__GOAL OF THE EXERCISE__.
Can you copy out the data exactly? Leave the images out.

__SUPPLIED INFORMATION__.
--- START ---

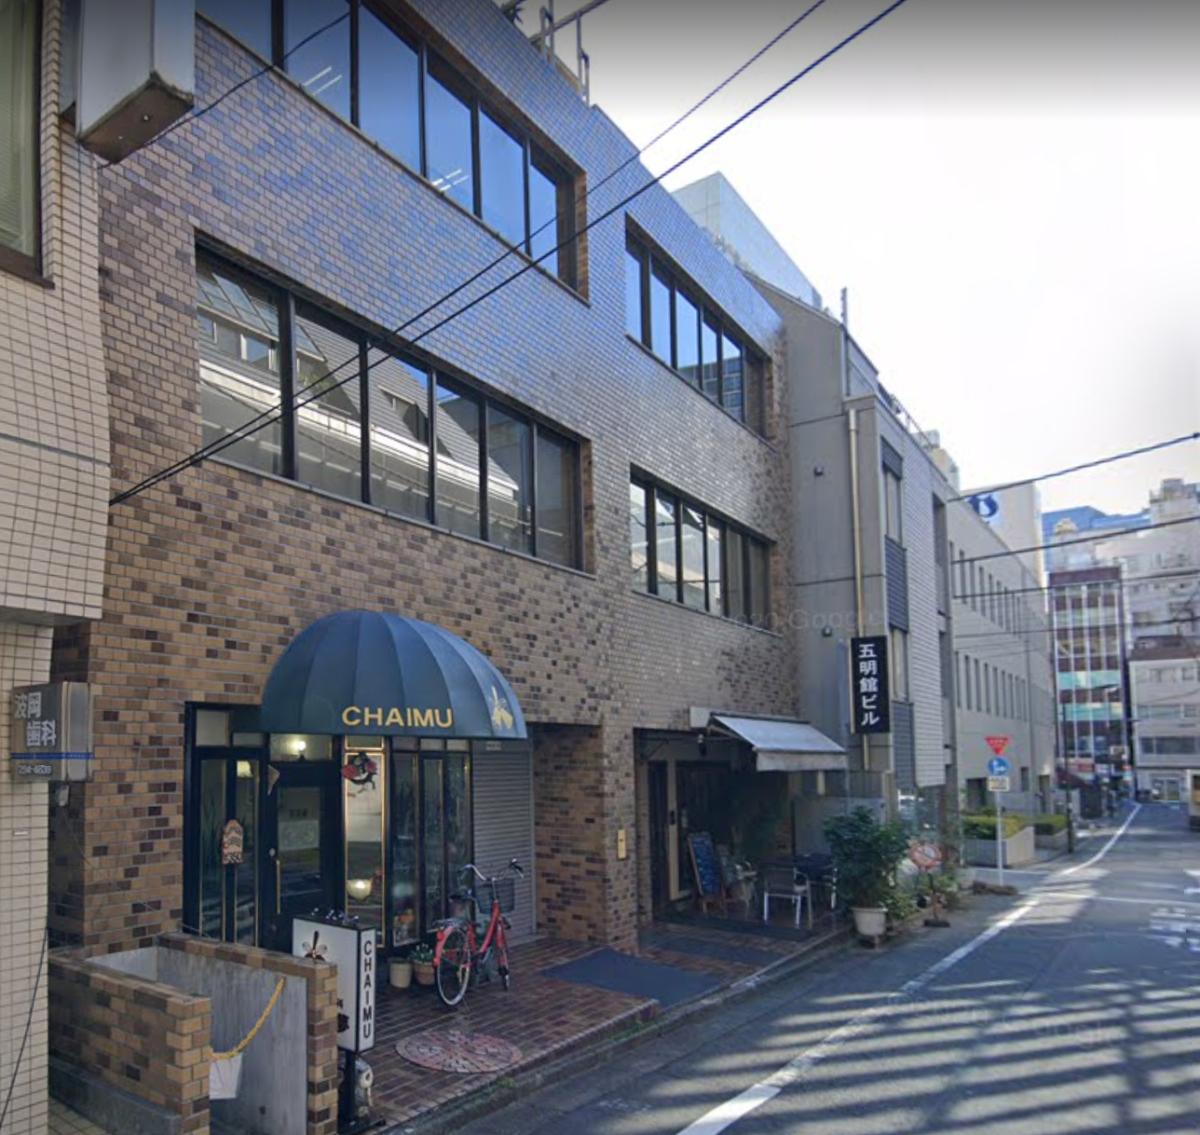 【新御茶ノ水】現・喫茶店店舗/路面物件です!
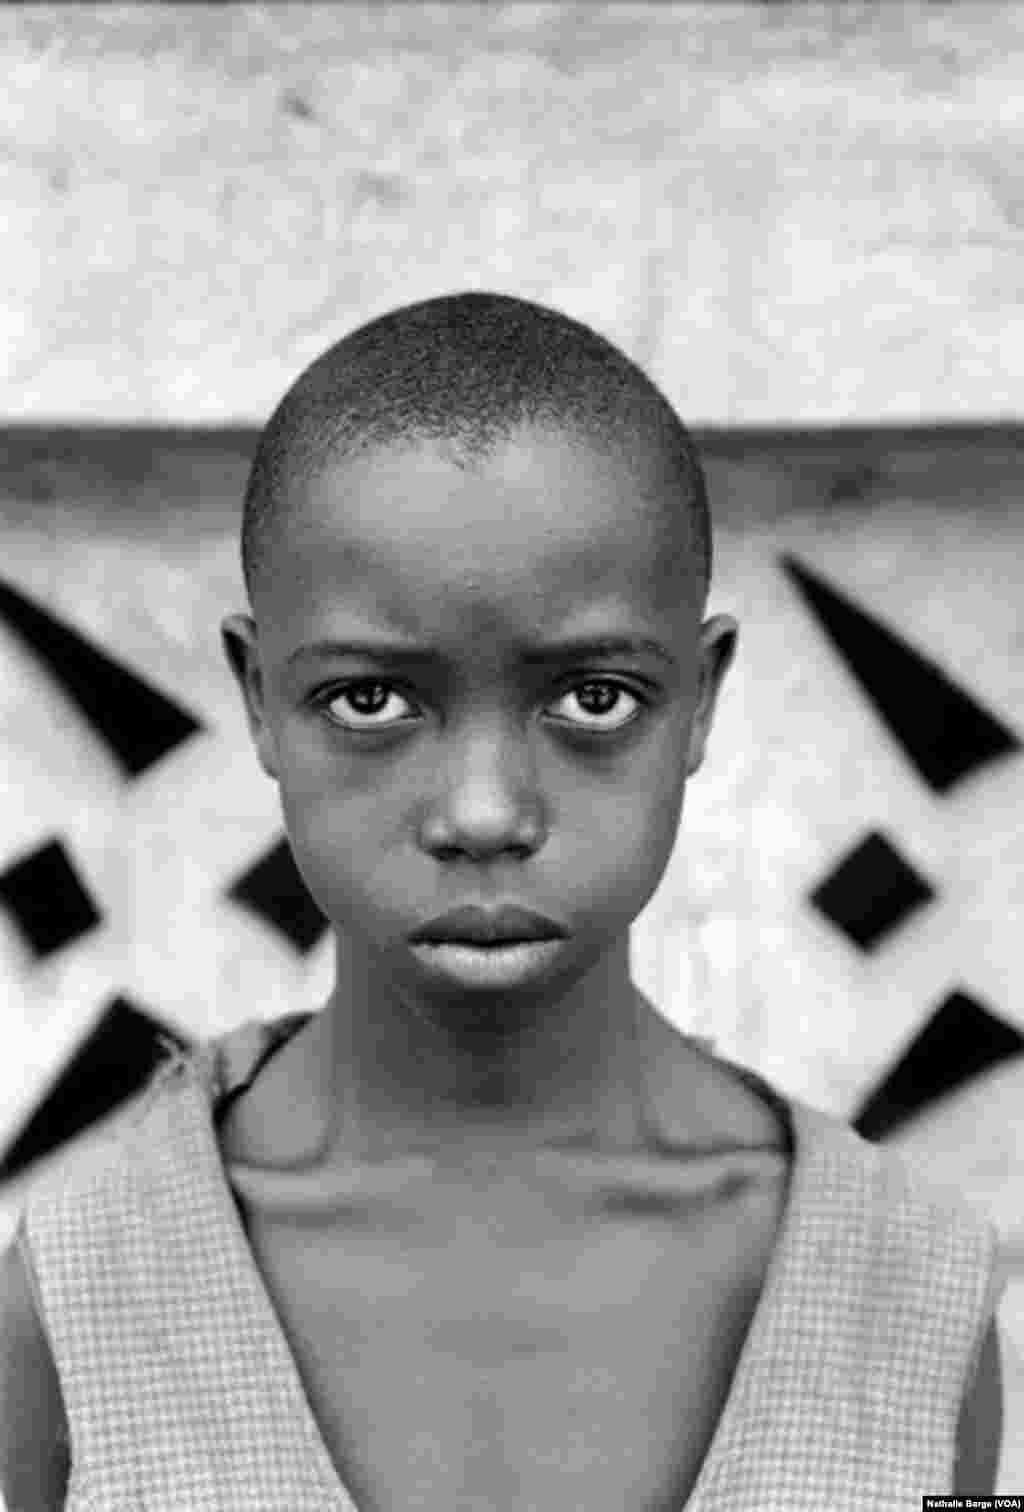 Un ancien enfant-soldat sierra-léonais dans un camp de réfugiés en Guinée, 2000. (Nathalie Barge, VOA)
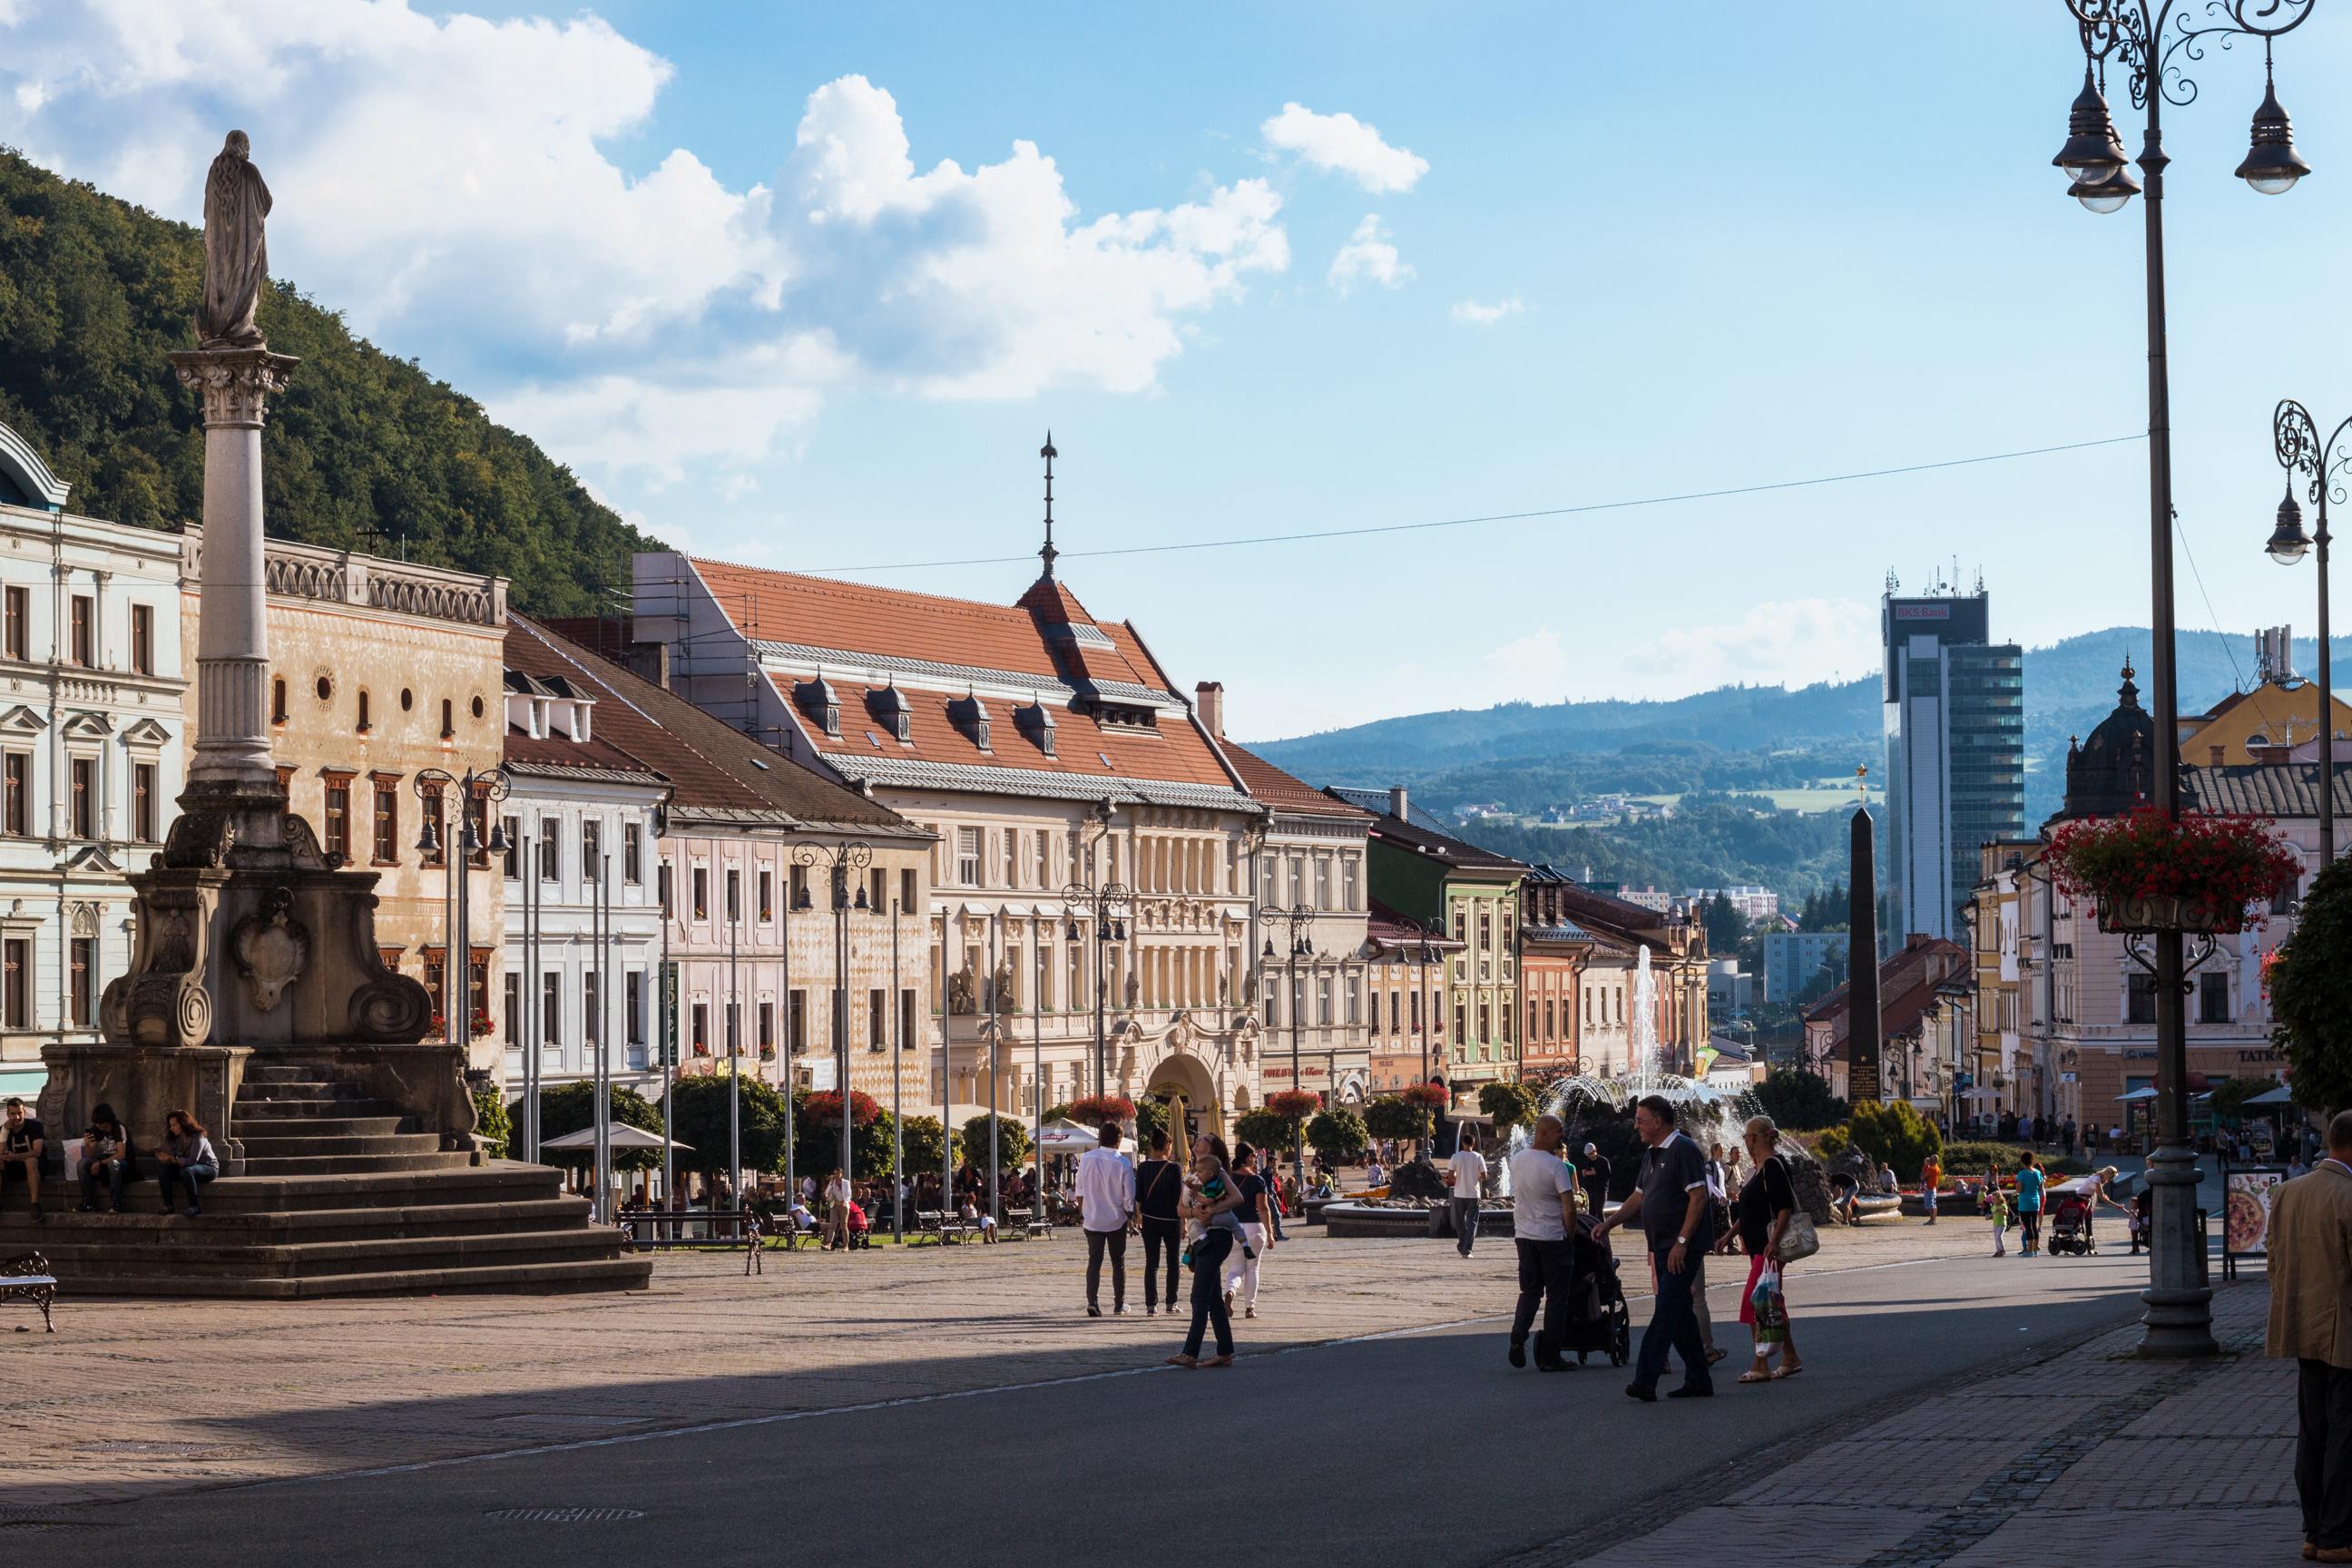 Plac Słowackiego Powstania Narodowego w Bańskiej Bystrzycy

--- END ---

__ANSWER BOX__.
 【新御茶ノ水】現・喫茶店店舗/路面物件です!
 Un ancien enfant-soldat sierra-léonais dans un camp de réfugiés en Guinée, 2000. (Nathalie Barge, VOA)
 Plac Słowackiego Powstania Narodowego w Bańskiej Bystrzycy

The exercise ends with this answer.